06.04.2026

How to Calculate the Right GP/LP Split for Your Deal

Samuel Levitz
Calculating GP and LP equity and profit splits.

The right GP/LP split is not a market convention. It is a calculation based on four deal-specific inputs: the LP's risk-adjusted preferred return hurdle, the GP's genuine contribution to value creation, the promote structure that reflects that contribution, and waterfall tiers that hold up under institutional diligence.

A 70/30 split or an 80/20 split is only defensible if the math behind it matches the deal in front of you. In 2026, institutional LPs writing $10M+ checks are testing every term against the specific risk profile of the deal - not accepting split structures on faith.

Most developers arrive at their GP/LP split one of two ways: they copy the terms from their last deal, or they anchor to a market convention like 70/30 and assume that is close enough. Neither approach survives institutional diligence. A split that worked on your last multifamily acquisition does not automatically work on a ground-up mixed-use development with a 48-month construction timeline.

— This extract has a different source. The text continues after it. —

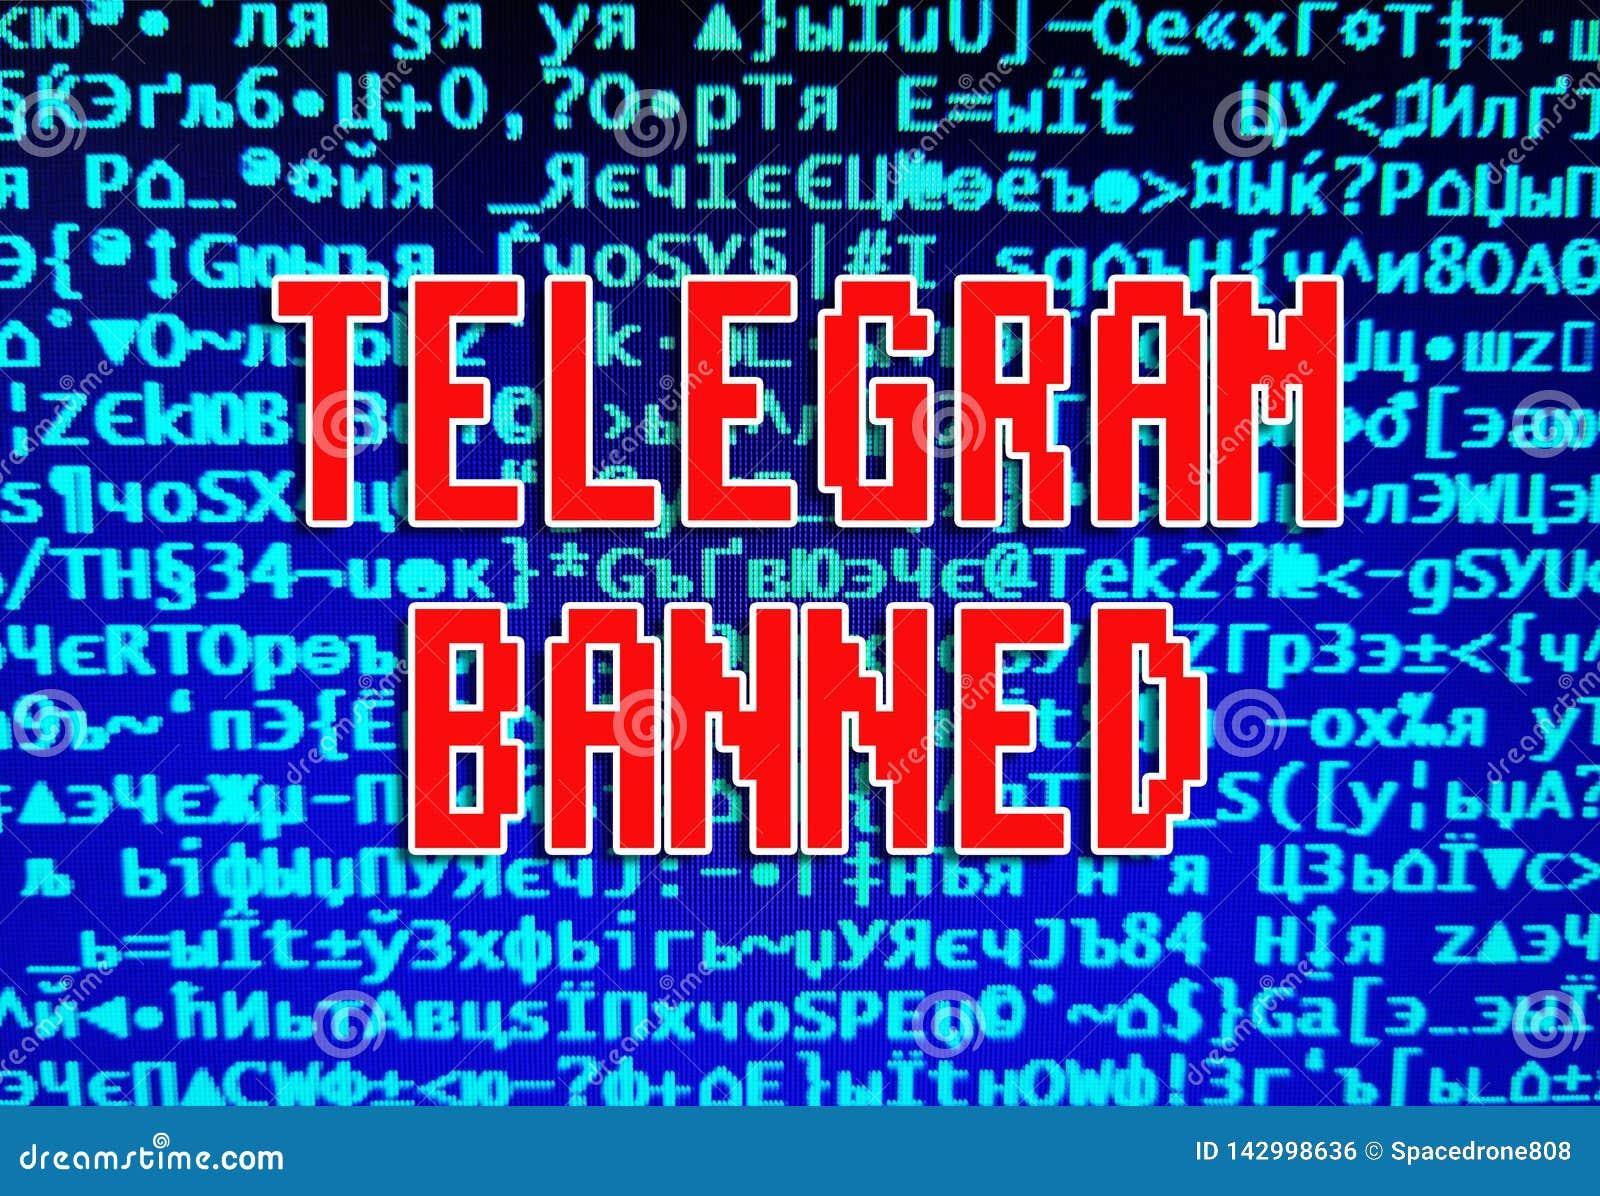 Telegram Chat Messenger Banned In Russia Illustration

This article is part of the capital stack series at IRC Partners. It does not re-explain how each layer of the stack works and does not cover structural risk reduction levers - those are handled in dedicated spokes. This piece answers one question: given that you understand your deal and your stack, how do you calculate the GP/LP split that is fair to LPs, defensible in diligence, and still protects your economics as the GP?

This article covers:

  1. How to set the preferred return hurdle so it reflects actual LP risk
  2. How to size and defend your promote based on what you are genuinely contributing
  3. How to use co-invest, waterfall tiers, and 2026 market comps to build a structure that holds up under scrutiny

Step 1: Set the LP Floor with the Preferred Return Hurdle

The preferred return is the first number to lock. It sets the minimum annual return the LP must receive before the GP earns any disproportionate upside. Get this number wrong in either direction and the rest of the waterfall is built on a bad foundation.

The institutional market reference range sits between 6% and 10% IRR annually, with 8% remaining the most common center point across deal types. But the right number for your deal is not whatever is most common - it is the number that accurately reflects the LP's risk given your asset class, business plan, and hold period.

Pref Rate Typical Deal Profile What It Signals to LPs
6% Core-plus or stabilized value-add, short hold (2-3 years), low execution risk Modest LP protection; GP is pricing confidence in near-term cash flow
8% Ground-up or moderate value-add, 3-5 year hold, standard institutional terms Market center point; expected baseline for most $10M+ institutional deals
10% Higher complexity, longer hold, entitlement risk, or first institutional raise Strong LP protection signal; GP is trading early economics for credibility

The timing problem most developers miss

A higher pref is not always better for closing the deal. If your project has a 24-month construction period with no distributable cash flow, an 8% cumulative pref accrues against your capital account the entire time. By the time you reach stabilization, the LP hurdle balance is larger than most developers model for. Run the actual accrual schedule before committing to a rate. The pref you set today determines how long it takes before the GP sees any promote.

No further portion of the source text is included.